Columbia Threadneedle Investments expand its US equity fund range with the launch of the Threadneedle US dsciplined core equities fund in its Luxembourg SICAV. Managed by Brian Condon and Peter Albanese in Boston, the fund provides smart exposure to US large-cap companies through a quantitative approach with some fundamental analysis.
The fund will target outperformance of 150 basis points (gross of fees) over the S&P 500 index annualised over a period of 3-5 years, with a target tracking error of 2-4% and an Ongoing Charges Figure (OCF) of 45 basis points per annum for the Z (platform) share class, including an Annual Management Charge (AMC) of 30 basis points. The management team of 10, led by Brian Condon, head of Quantitative Strategies, currently manages more than US$18bn in assets, including more than $15bn in a similar US mutual fund strategy.

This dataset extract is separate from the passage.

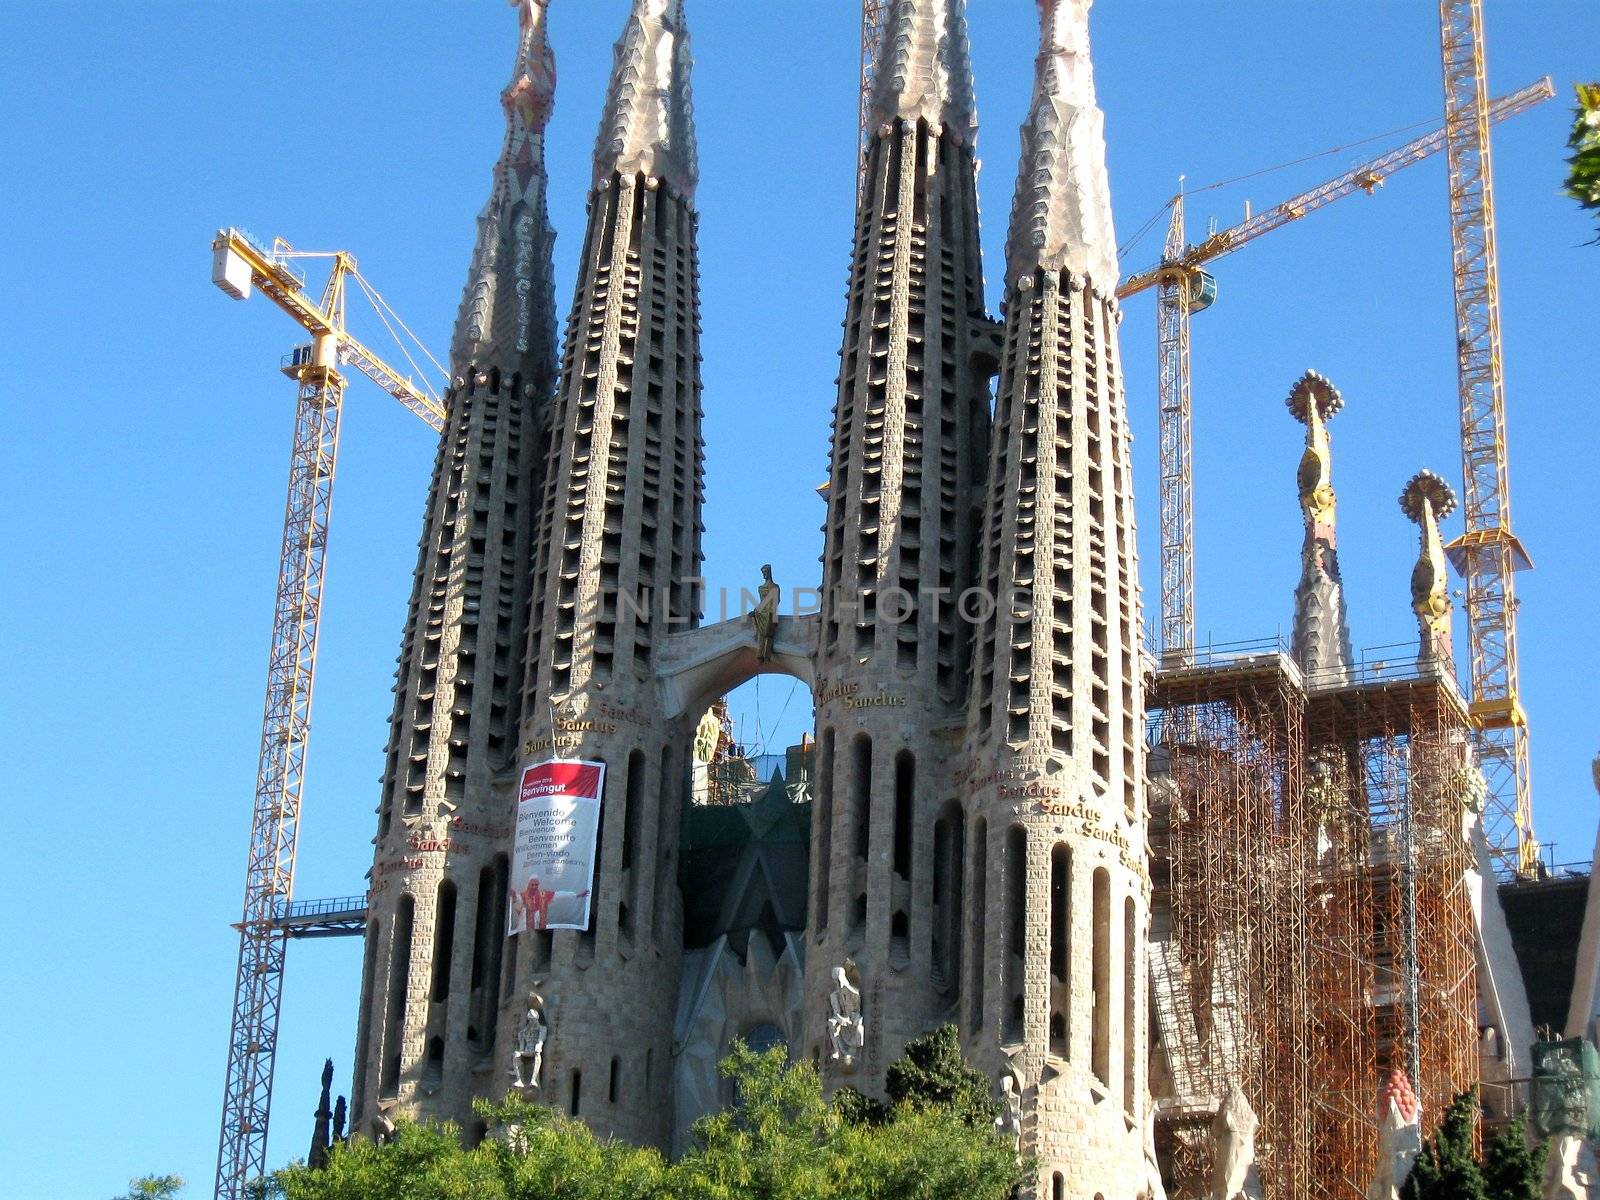 Sagrada Familia by dbriyul

The long-only fund will hold around 80 stocks and aims to generate returns through stock selection whilst avoiding sector risks by building a sector-neutral portfolio. The fund managers may take discretionary investment decisions, for example on grounds of data quality or fundamental risks not captured by the models. They collaborate with a team of approximately 30 sector-focused fundamental analysts to complement their quantitative model’s outputs with proprietary assessments.

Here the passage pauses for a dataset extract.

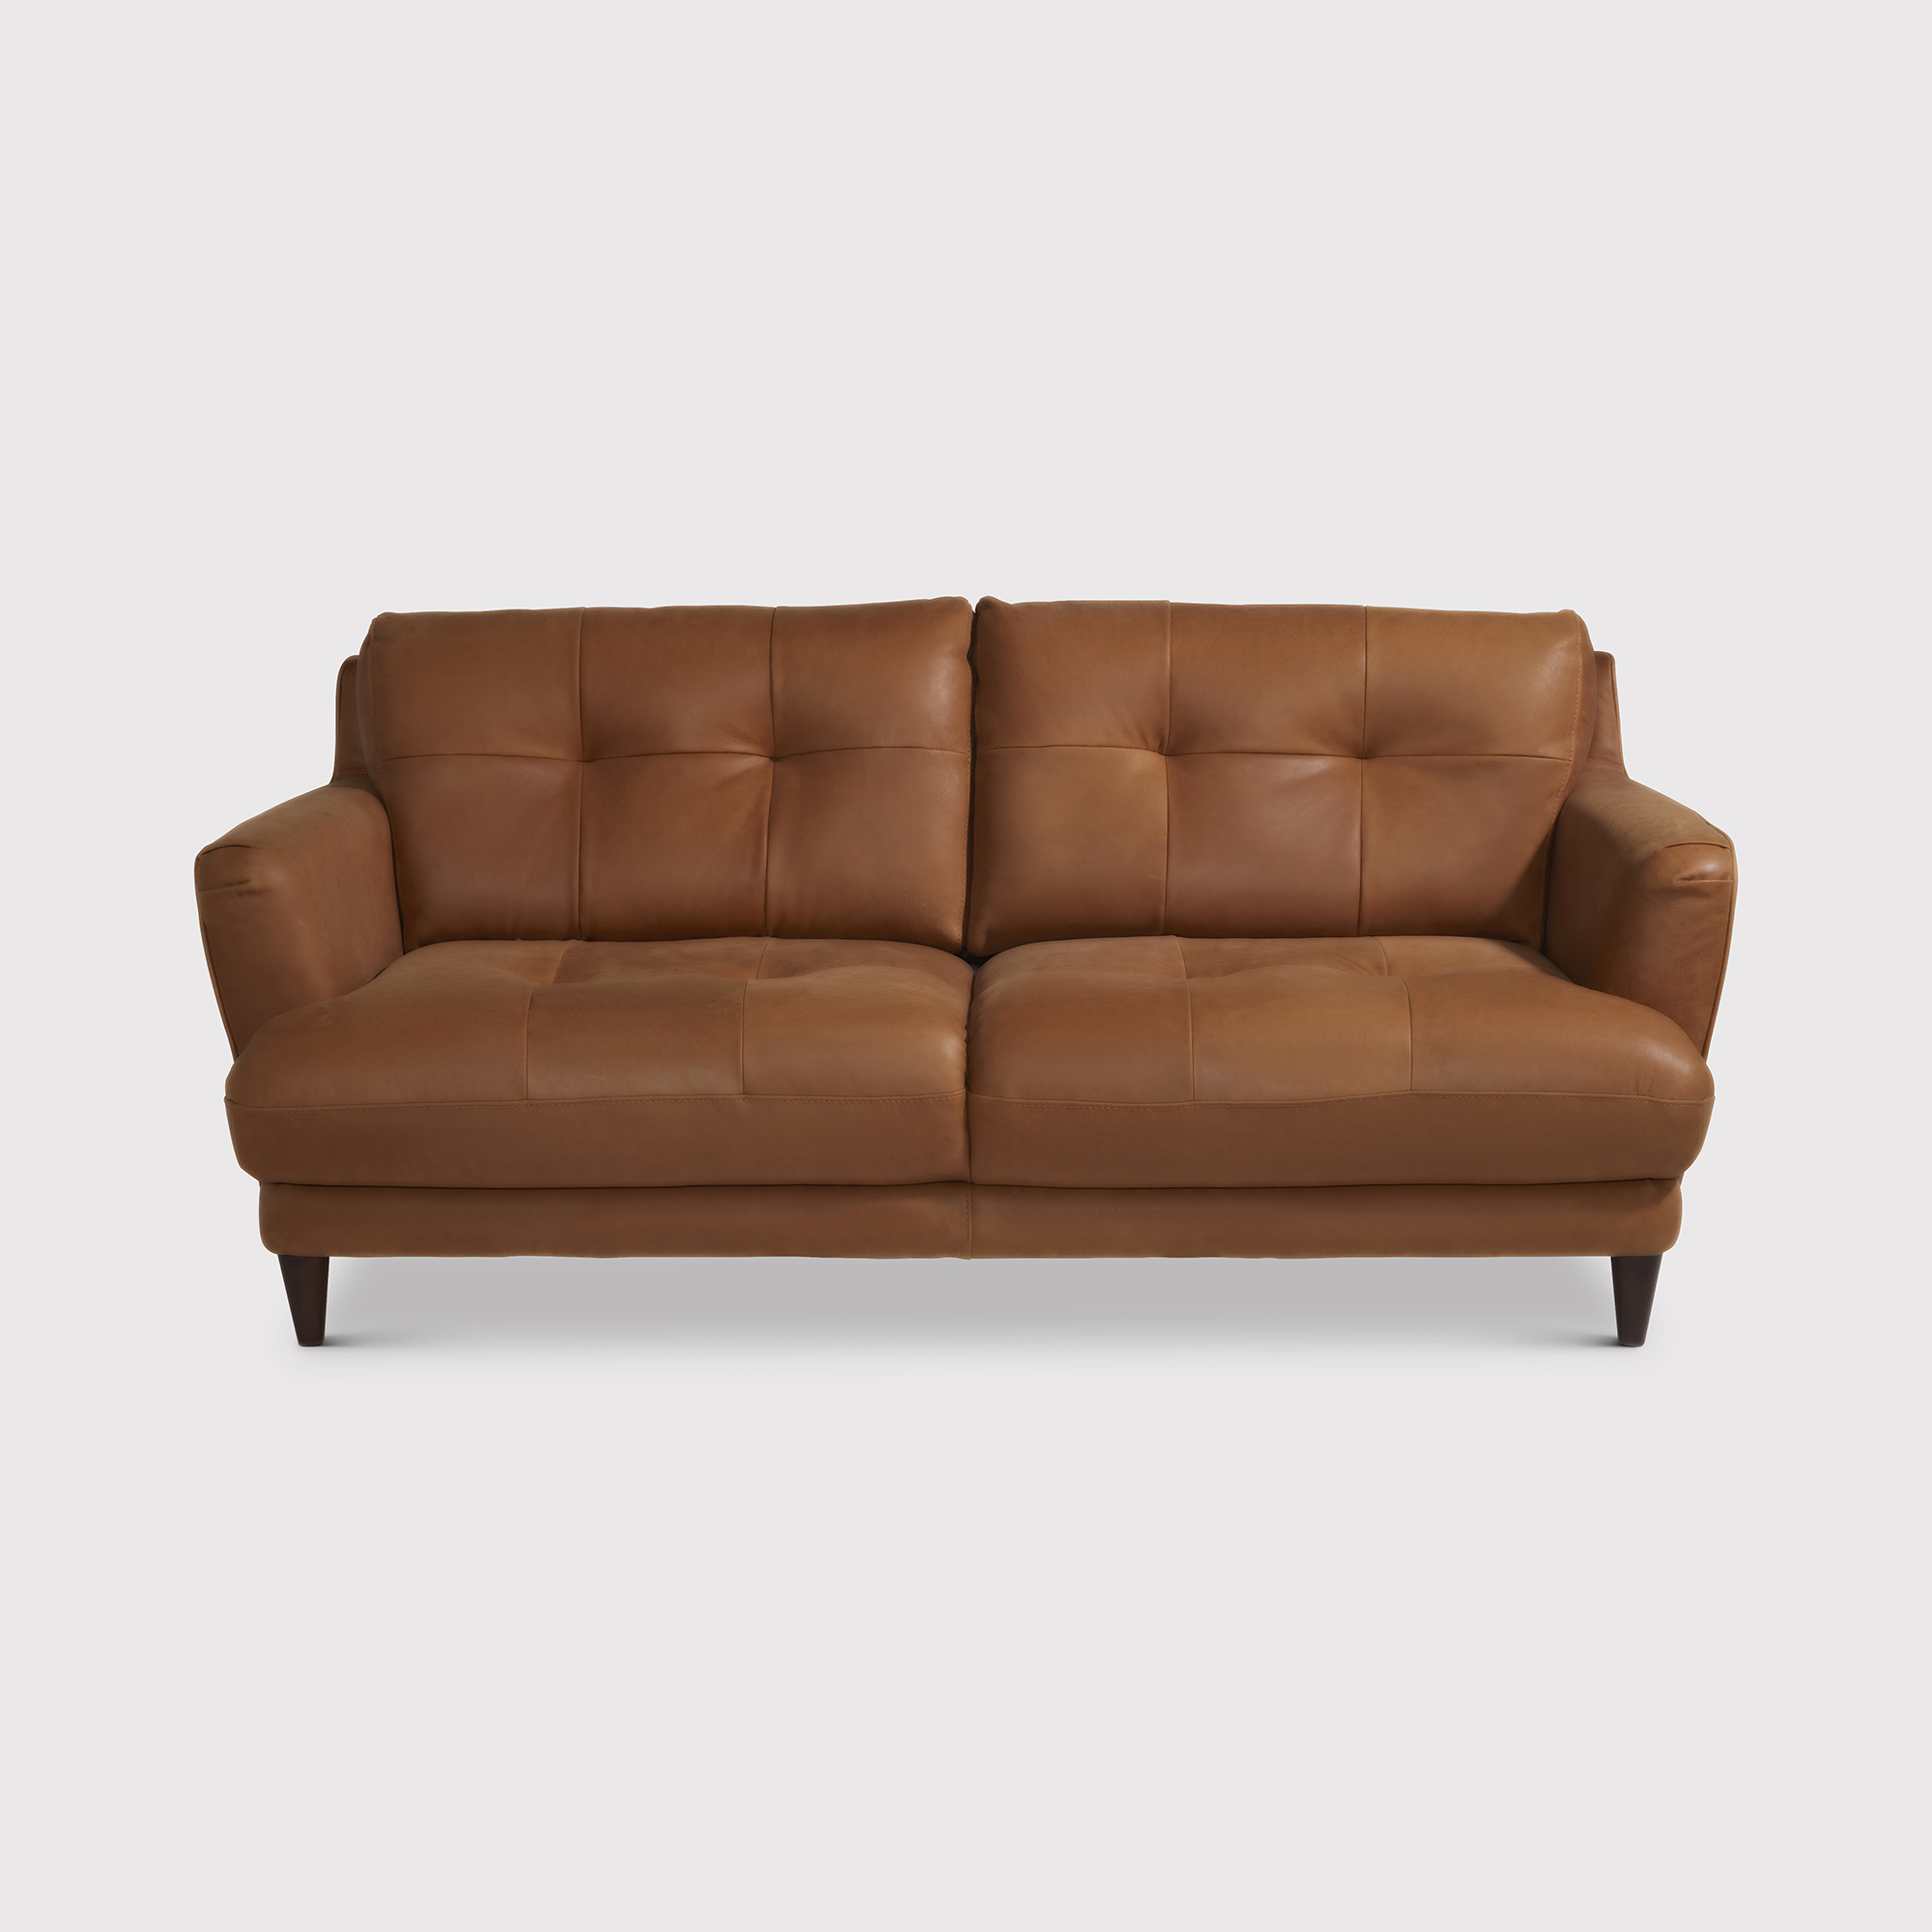 Photo of Aldo loveseat sofa in brown

Gary Collins, head of Wholesale Distribution, EMEA at Columbia Threadneedle Investments said commented: “This fund complements our existing range of higher alpha US equity products and gives clients more choice of investment strategy for their US equity allocations. Brian, Peter and their team have a strong track record in running disciplined US equity funds, combining their proprietary quantitative models with the broader fundamental research and insights of Columbia Threadneedle Investments’ extensive US equity capabilities. We are delighted to now be able to offer our clients outside the US pooled fund access to this strategy.”
Fund manager Brian Condon commented: “This fund aims to give investors consistent outperformance of the US equity market in a lower cost product. We believe that a fundamentally based, quantitatively implemented investment process can identify and exploit mispricing opportunities in a consistent and repeatable manner.”
“By identifying fundamental drivers of stock returns within different industries, we build industry-specific stock selection models which identify undervalued as well as overvalued stocks. Drawing on these models, we construct a diversified, risk-managed portfolio that emphasises stock selection while minimising unintended style, sector, and industry exposures.”
Initially registered in Luxembourg, the fund is intended for distribution across other markets (Austria, Belgium, Finland, France, Germany, Italy, the Netherlands, Norway, Portugal, Spain, Sweden and Switzerland) pending regulatory approval in each country.